Boleslav Štěpánek was born on 15 November 1920 in the Czech village of Nové Teremno (Lipiny) in Volhynia in today’s north-western Ukraine, where his family worked on their own farm. He attended the Czech school in Lipiny, and later the Polish school in Lutsk. During the occupation by the Soviet Union after 1939, his uncle and cousin were interned in a labour camp in Kazakhstan. During the attack of Nazi Germany on the Soviet Union in June 1941, heavy fighting took place right in their village. Subsequently, during the Nazi occupation, Volhynian Czechs witnessed many horrors. Boleslav was employed as a veterinary nurse in Lutsk, which prevented him from being sent to forced labor in Germany. In March 1944, he enlisted in the 1st Czechoslovak Army Corps in Rovno. He was assigned as a medic, trained in Bukovina on the Romanian-Ukrainian border.
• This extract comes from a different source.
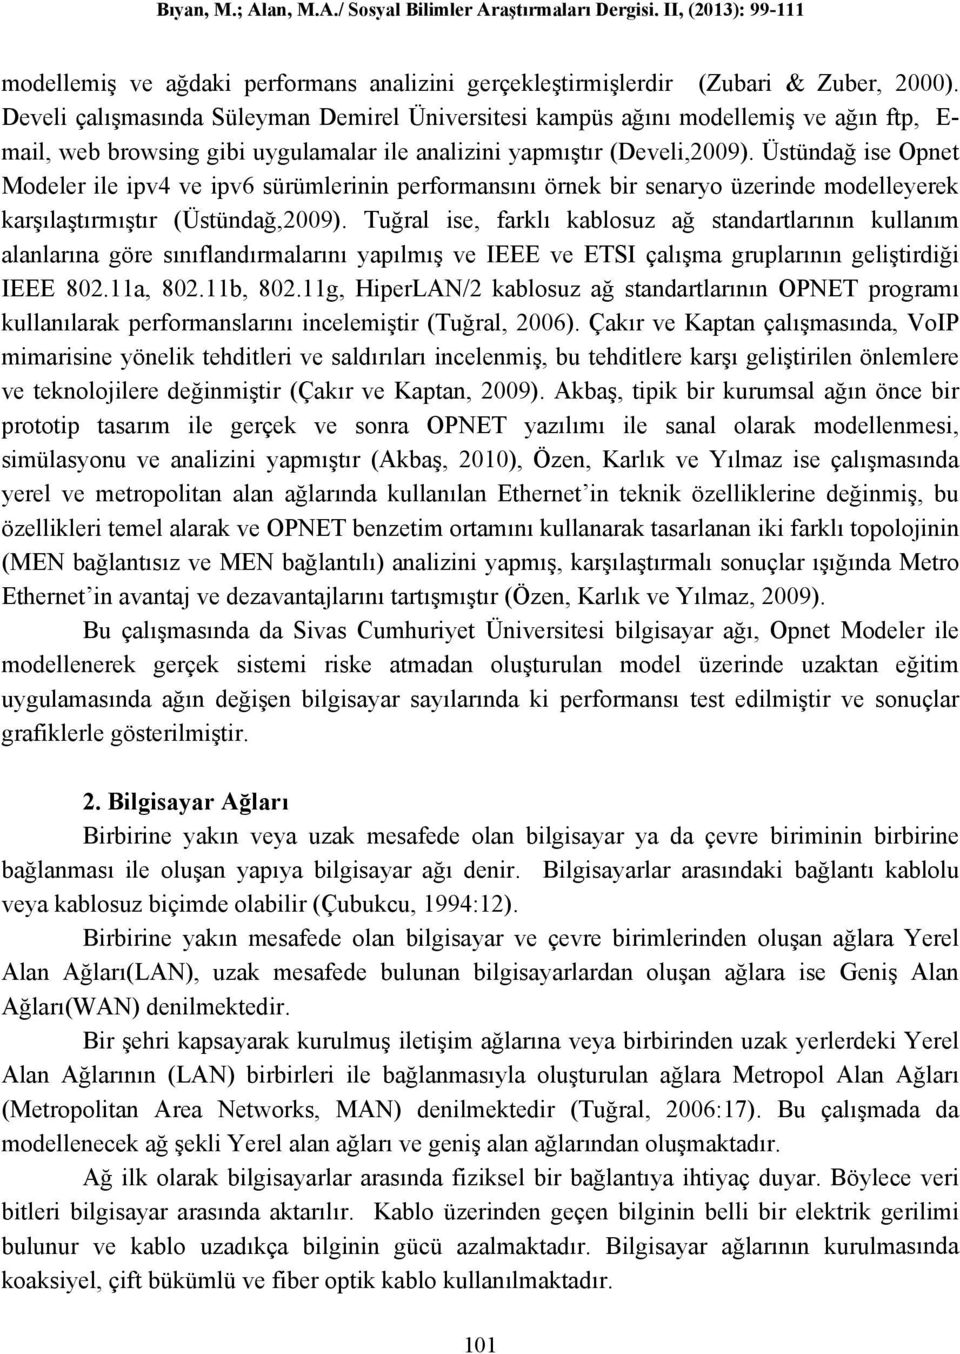 Üstündağ ise Opnet Modeler ile ipv4 ve ipv6 sürümlerinin performansını örnek bir senaryo üzerinde modelleyerek karşılaştırmıştır (Üstündağ,2009).

In autumn 1944 he was deployed during the Carpatho-Dukla operation. During the fighting near Stropkov in December 1944, he contracted pneumonia and was subsequently treated in a hospital in Krosno. He then took part in the battles of Liptovský Mikuláš, Vrútky and Žilina. On May 17, 1945, he attended a ceremonial parade in Prague’s Old Town Square. After the war he served in Česká Lípa and Žatec, supervising the deportations of the Germans. He demobilized in December 1945. He settled on the farm of the Germans in Soběnice near Litoměřice, which was later collectivized. In 1960 he moved with his family to Bohušovice nad Ohří and worked in the chemical plants in Lovosice. He died on 17 February 2013.